- Exercise goal -
Looking at the listing below, retype exactly the lines starting at the one containing "Muenster_AKAFRIK_1981_Suedafrika_BRD_14" and ending at the one containing "Nathalie Des Rosiers, Madeleine", both included, and nothing else.

*** The data ***

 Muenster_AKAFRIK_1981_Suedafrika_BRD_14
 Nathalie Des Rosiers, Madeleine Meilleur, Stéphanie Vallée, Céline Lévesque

*** End of The data ***
*** The data ***

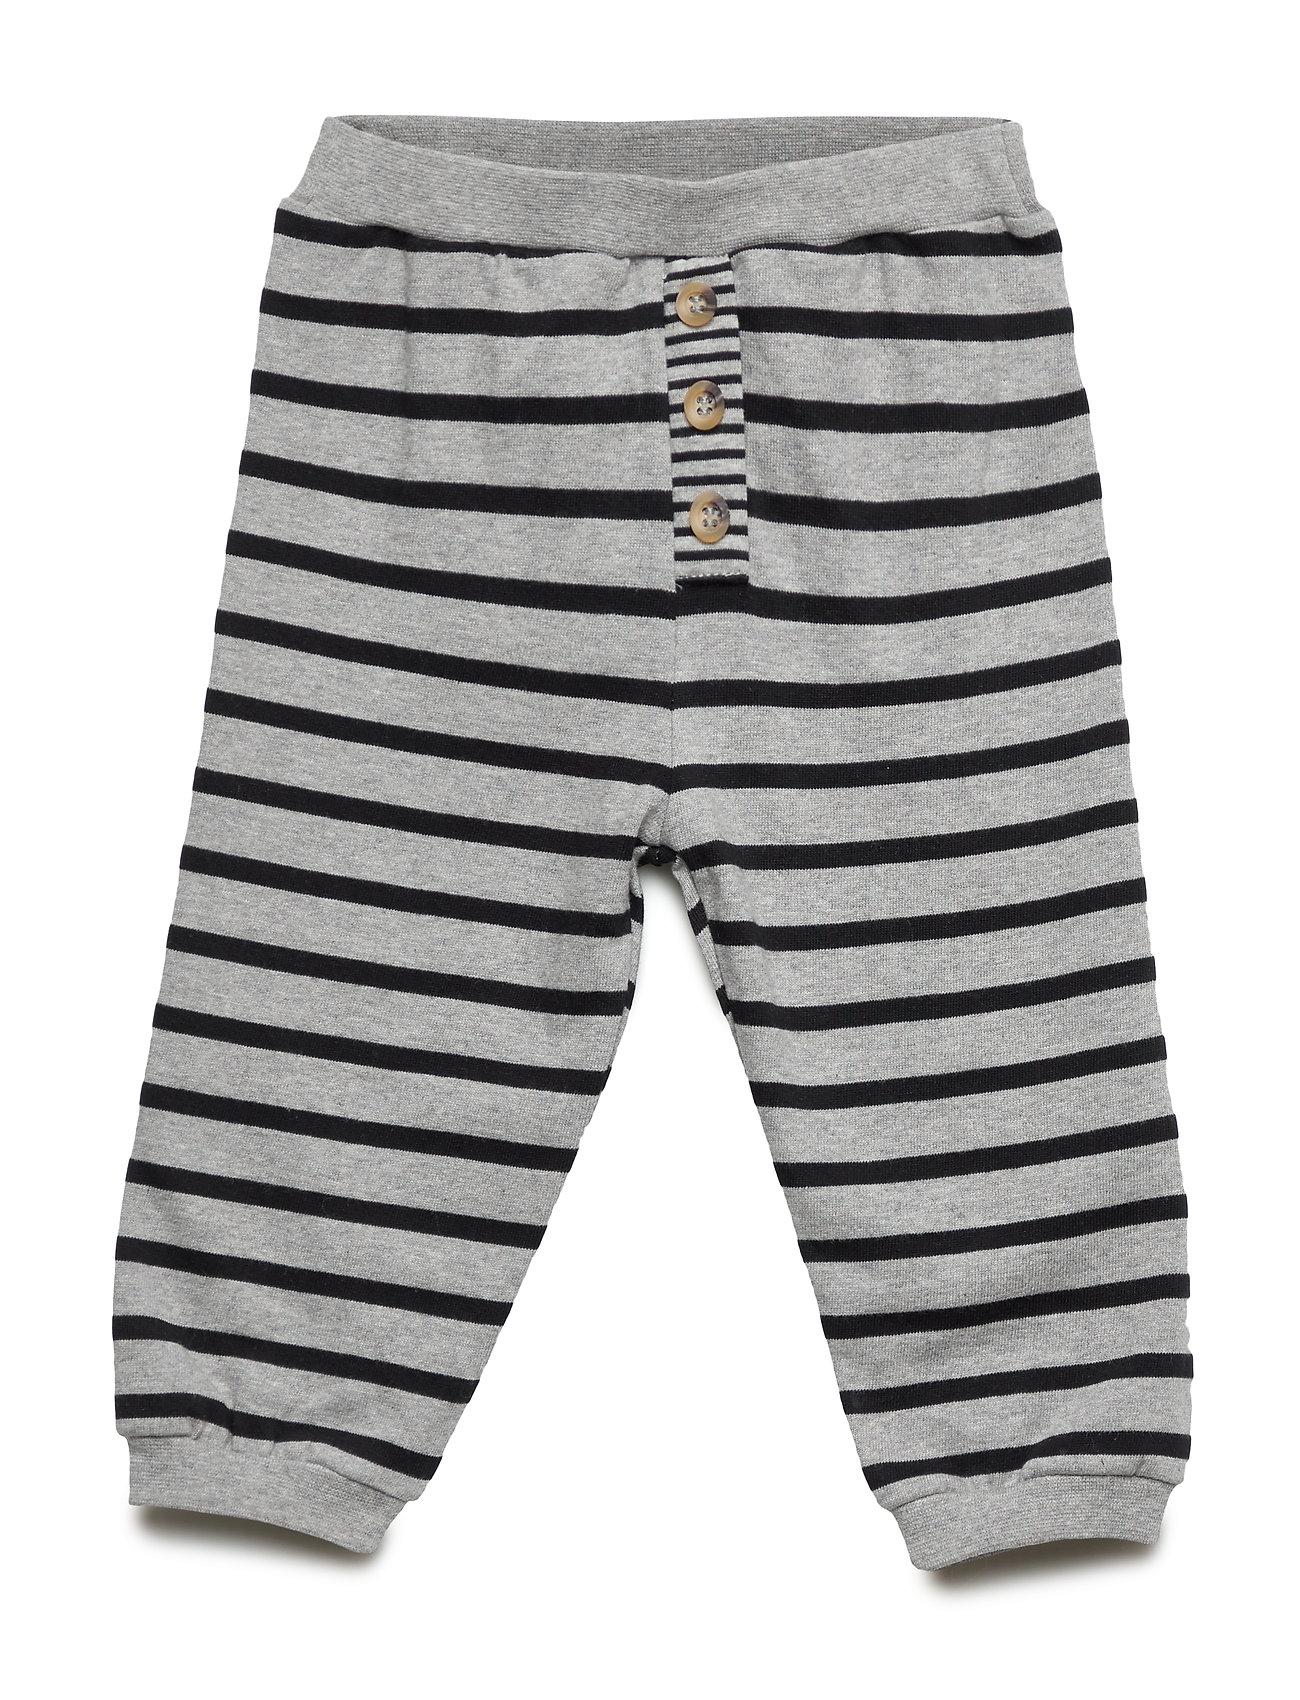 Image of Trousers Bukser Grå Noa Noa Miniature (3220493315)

*** End of The data ***

- Response box -
 Muenster_AKAFRIK_1981_Suedafrika_BRD_14
 Nathalie Des Rosiers, Madeleine Meilleur, Stéphanie Vallée, Céline Lévesque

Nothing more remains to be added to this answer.